• **Assigned task**: From the line that contains "Naka Platinum Organic" down to the final line below, please repeat each line exactly and nothing more, with no pictures.

• **Dataset excerpt**:
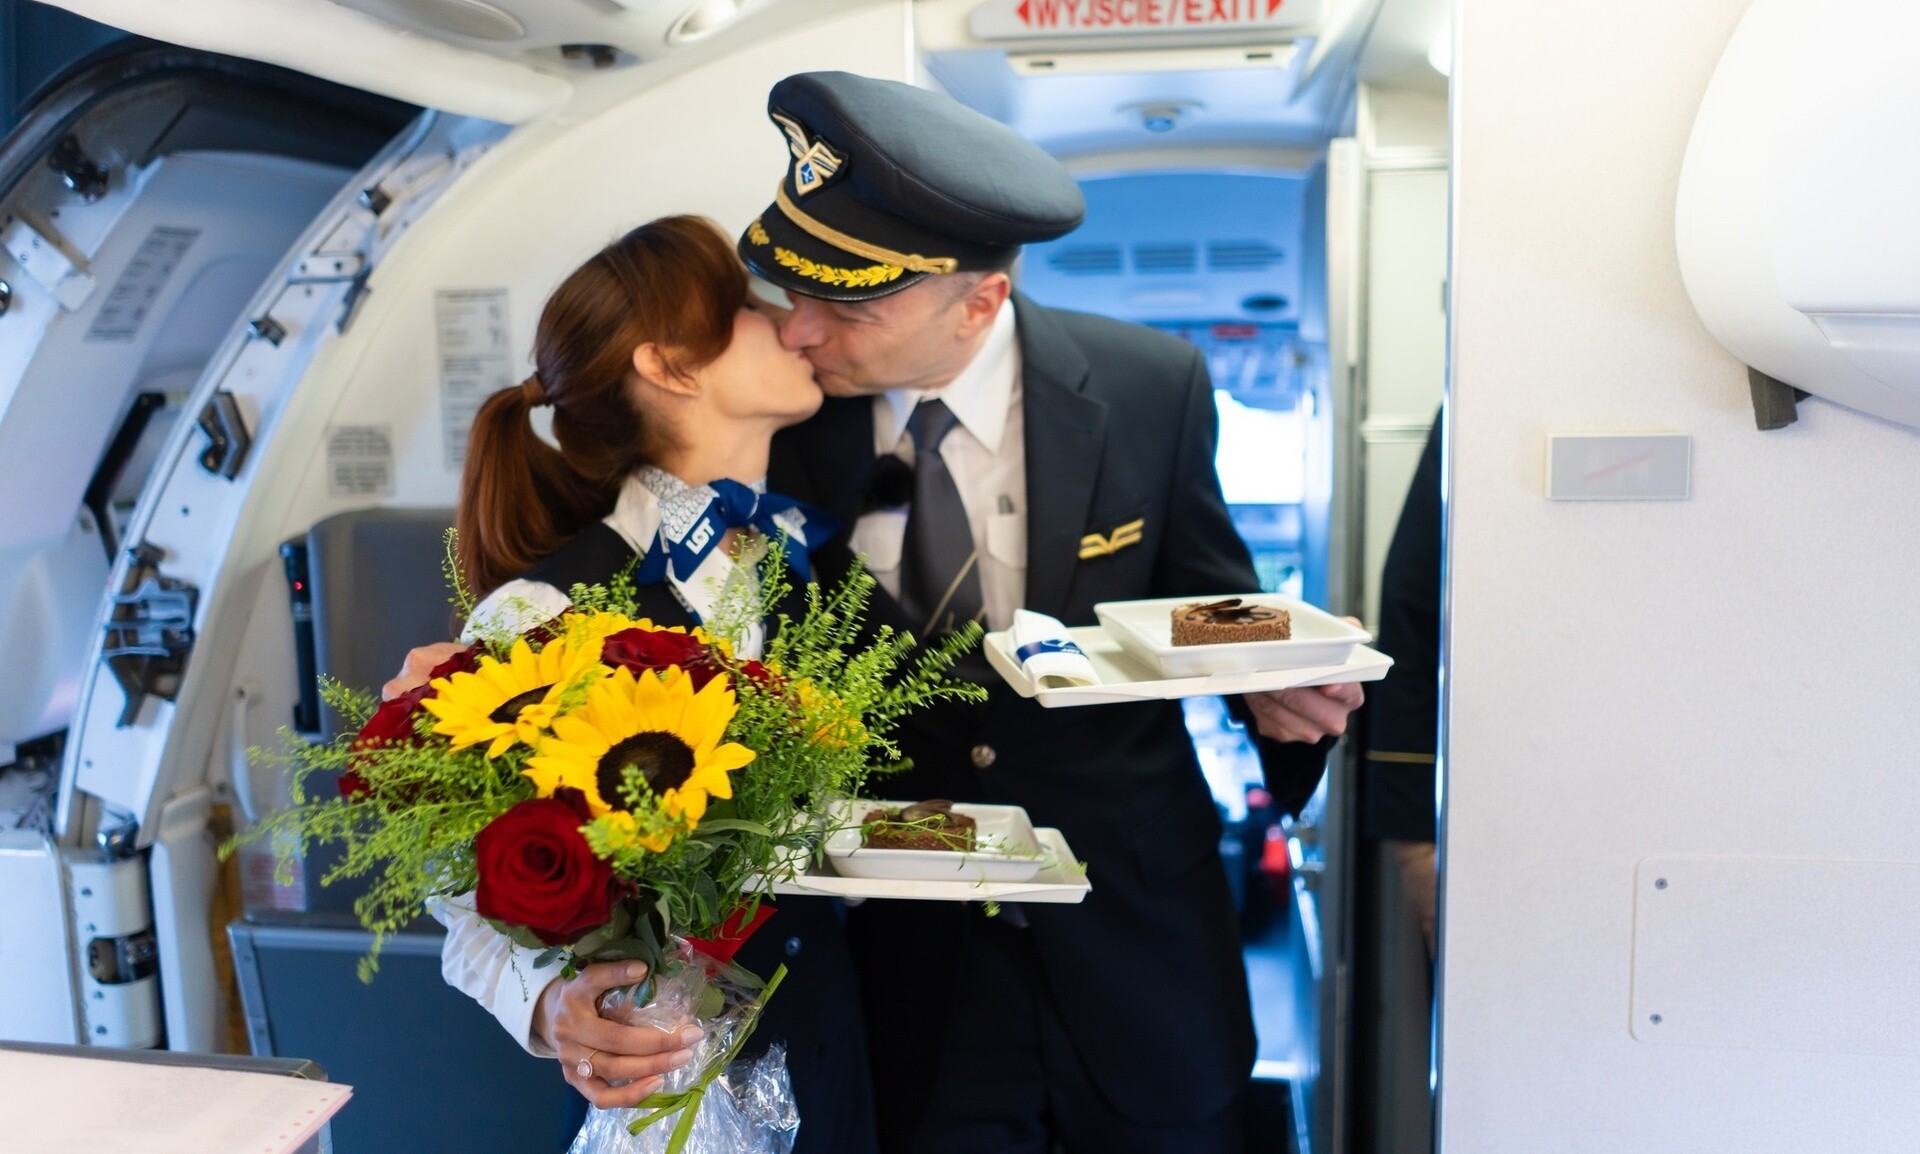 Πολωνία: Πιλότος έκανε πρόταση γάμου στην αεροσυνοδό σύντροφό του στη διάρκεια πτήσης (vid)
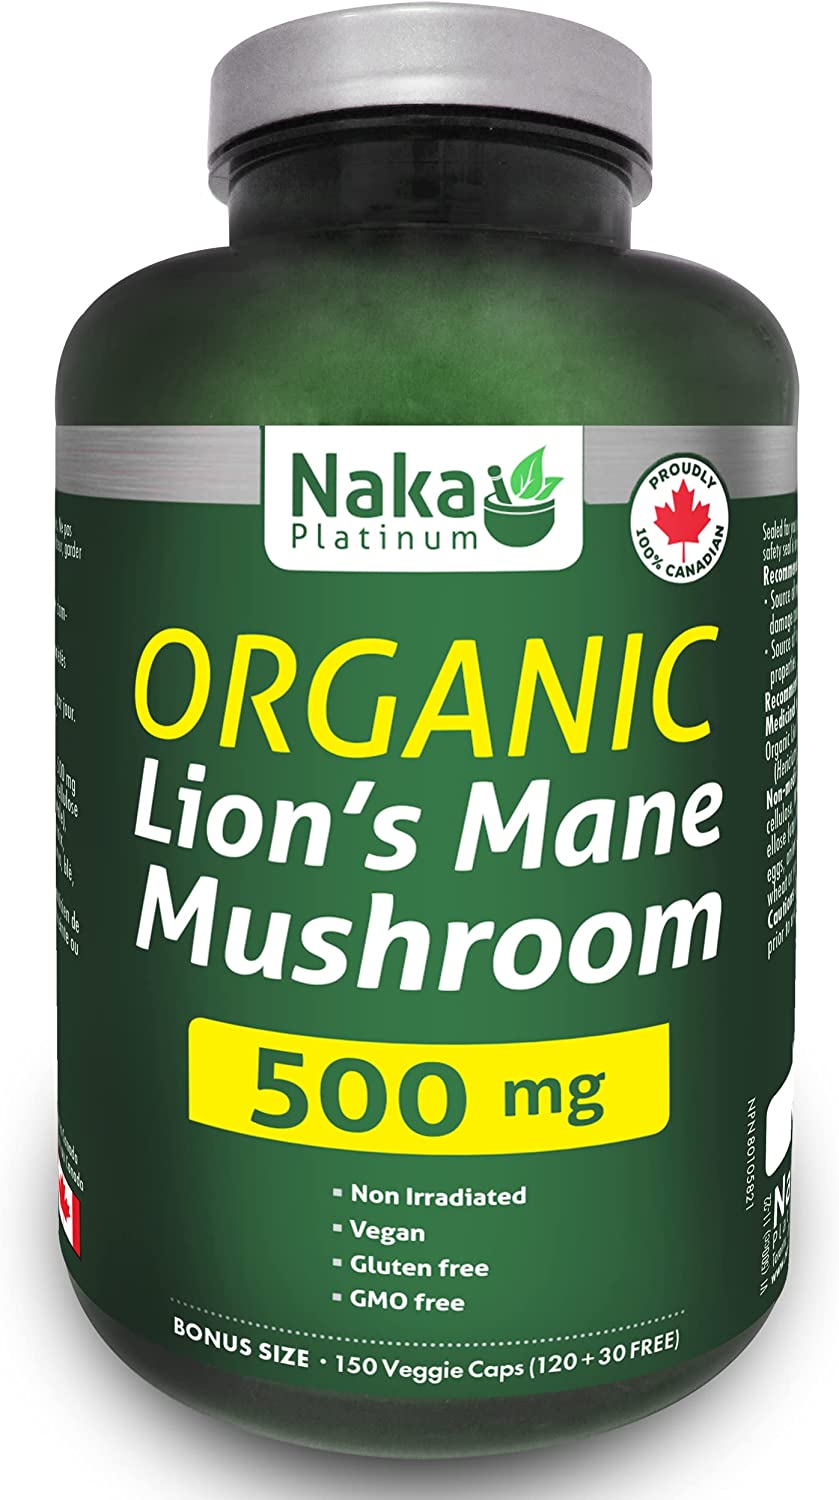 Naka Platinum Organic Lion’s Mane Mushroom 500mg (150 caps)
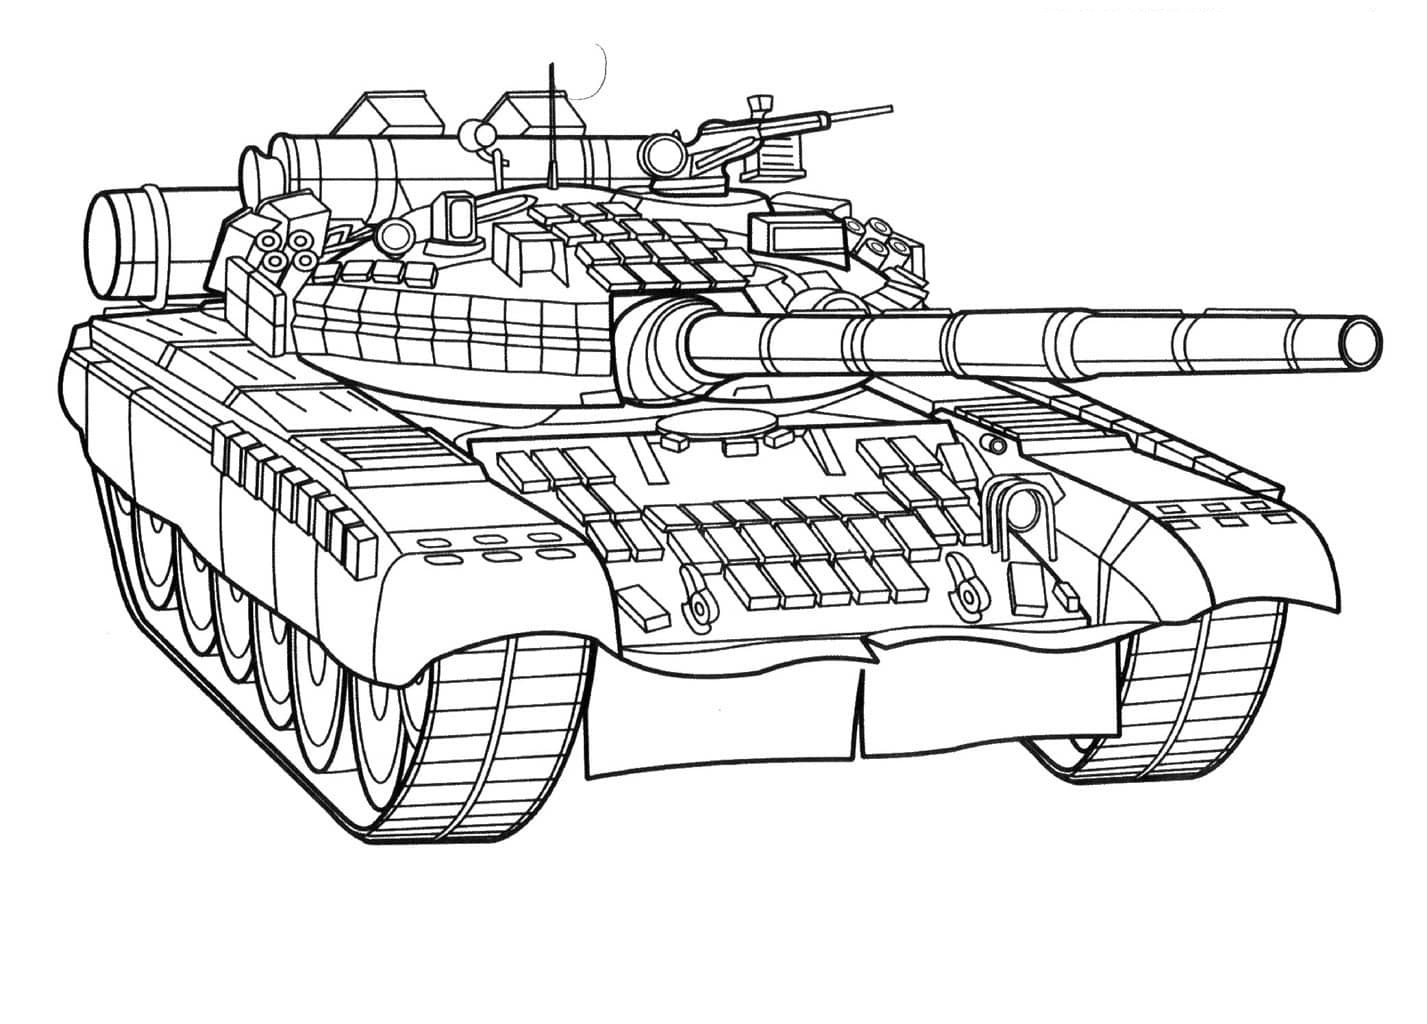 Um verdadeiro tanque de Tank
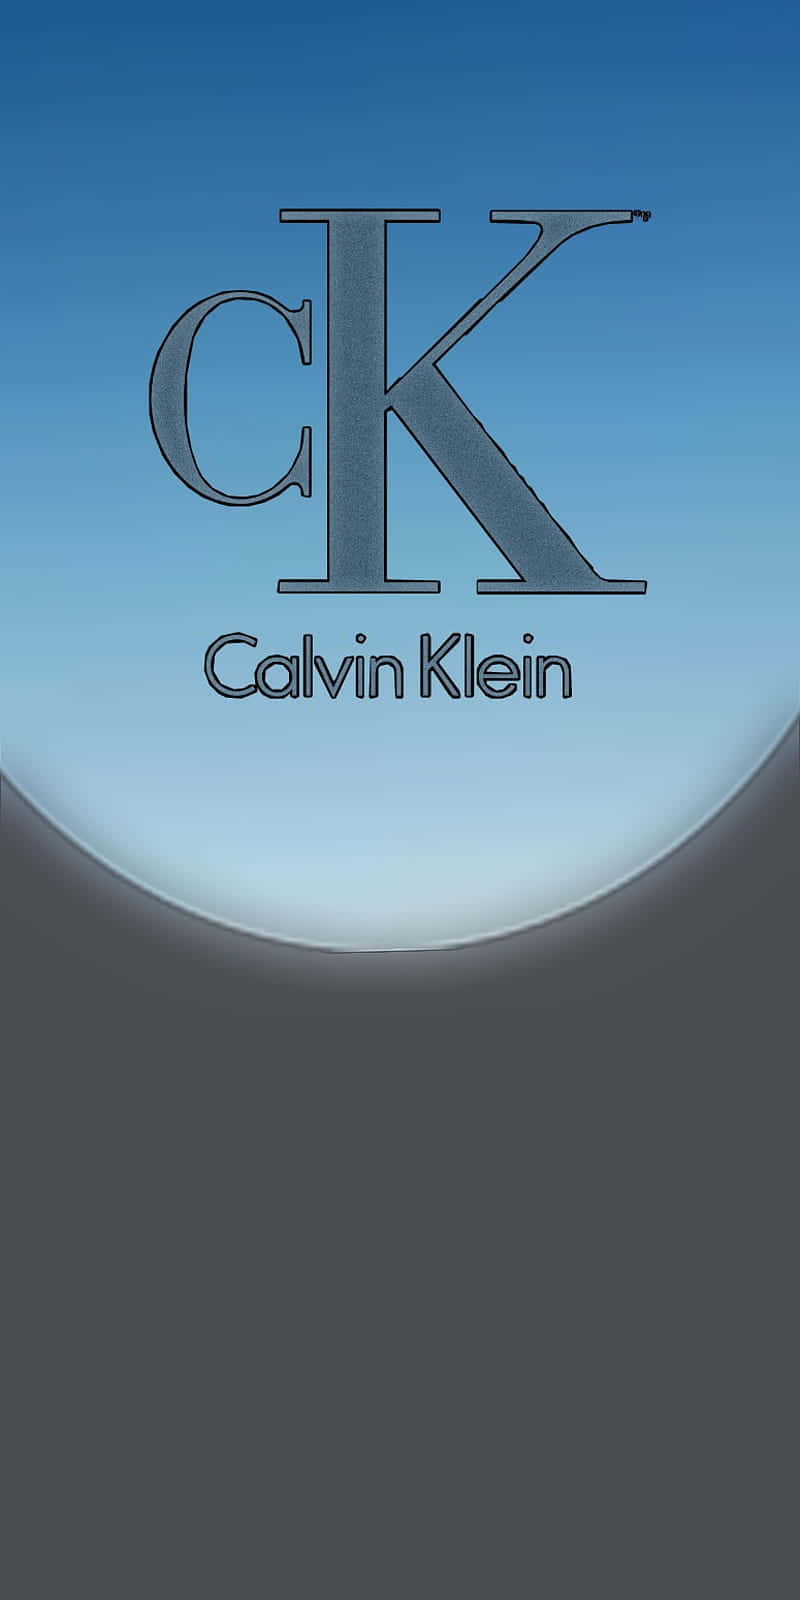 Zeigensie Ihre Kühne Und Stilvolle Seite In Calvin Klein

• **Task output**:
 Naka Platinum Organic Lion’s Mane Mushroom 500mg (150 caps)
 Um verdadeiro tanque de Tank
 Zeigensie Ihre Kühne Und Stilvolle Seite In Calvin Klein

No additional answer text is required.